With GCC 5.3 the following code compield with -O3 -fma
float mul_add(float a, float b, float c) {
  return a*b + c;
}
produces the following assembly
vfmadd132ss     %xmm1, %xmm2, %xmm0
ret
I noticed GCC doing this with -O3 already in GCC 4.8.
Clang 3.7 with -O3 -mfma produces
vmulss  %xmm1, %xmm0, %xmm0
vaddss  %xmm2, %xmm0, %xmm0
retq
but Clang 3.7 with -Ofast -mfma produces the same code as GCC with -O3 fast.
I am surprised that GCC does with -O3 because from this answer it says
The compiler is not allowed to fuse a separated add and multiply unless you allow for a relaxed floating-point model.
This is because an FMA has only one rounding, while an ADD + MUL has two. So the compiler will violate strict IEEE floating-point behaviour by fusing.
However, from this link it says
Regardless of the value of FLT_EVAL_METHOD, any floating-point expression may be contracted, that is, calculated as if all intermediate results have infinite range and precision.
So now I am confused and concerned.
- Is GCC justified in using FMA with -O3?
- Does fusing violate strict IEEE floating-point behaviour?
- If fusing does violate IEEE floating-point beahviour and since GCC returns __STDC_IEC_559__isn't this a contradiction?
Since FMA can be emulated in software it seems to be there should be two compiler switches for FMA: one to tell the compiler to use FMA in calculations and one to tell the compiler that the hardware has FMA.
Apprently this can be controlled with the option -ffp-contract. With GCC the default is -ffp-contract=fast and with Clang it's not. Other options such as -ffp-contract=on and -ffp-contract=off do no produce the FMA instruction.
For example Clang 3.7 with -O3 -mfma -ffp-contract=fast produces vfmadd132ss.
I checked some permutations of #pragma STDC FP_CONTRACT set to ON and OFF with -ffp-contract set to on, off, and fast. IN all cases I also used -O3 -mfma.
With GCC the answer is simple. #pragma STDC FP_CONTRACT ON or OFF makes no difference. Only -ffp-contract matters.
GCC it uses fma with
- -ffp-contract=fast(default).
With Clang it uses fma
- with -ffp-contract=fast.
- with -ffp-contract=on(default) and#pragma STDC FP_CONTRACT ON(default isOFF).
In other words with Clang you can get fma with #pragma STDC FP_CONTRACT ON (since -ffp-contract=on is the default) or with -ffp-contract=fast. -ffast-math (and hence -Ofast) set -ffp-contract=fast.
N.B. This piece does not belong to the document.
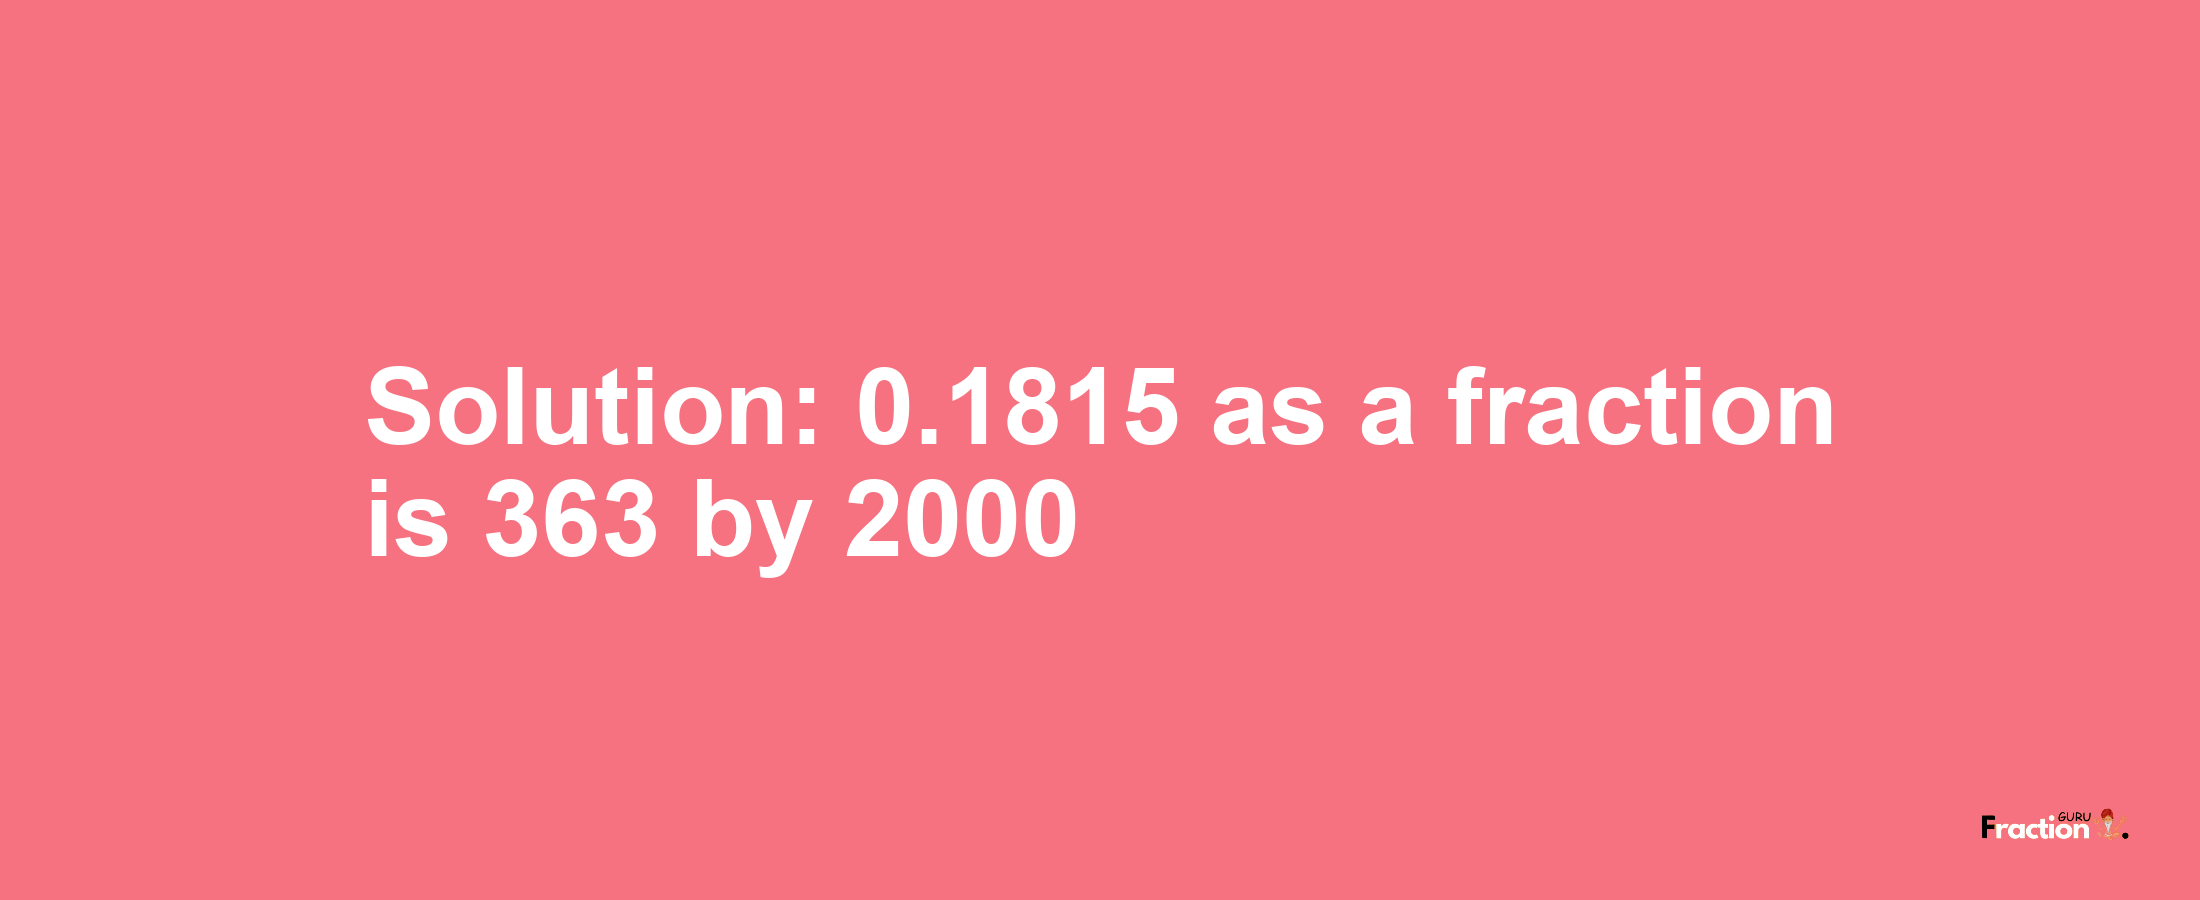 Solution:0.1815 as a fraction is 363/2000

I looked into MSVC and ICC.
With MSVC it uses the fma instruction with /O2 /arch:AVX2 /fp:fast. With MSVC /fp:precise is the default.
With ICC it uses fma with -O3 -march=core-avx2 (acctually -O1 is sufficient). This is because by default ICC uses -fp-model fast. But ICC uses fma even with -fp-model precise. To disable fma with ICC use -fp-model strict or -no-fma.
So by default GCC and ICC use fma when fma is enabled (with -mfma for GCC/Clang or -march=core-avx2 with ICC) but Clang and MSVC do not.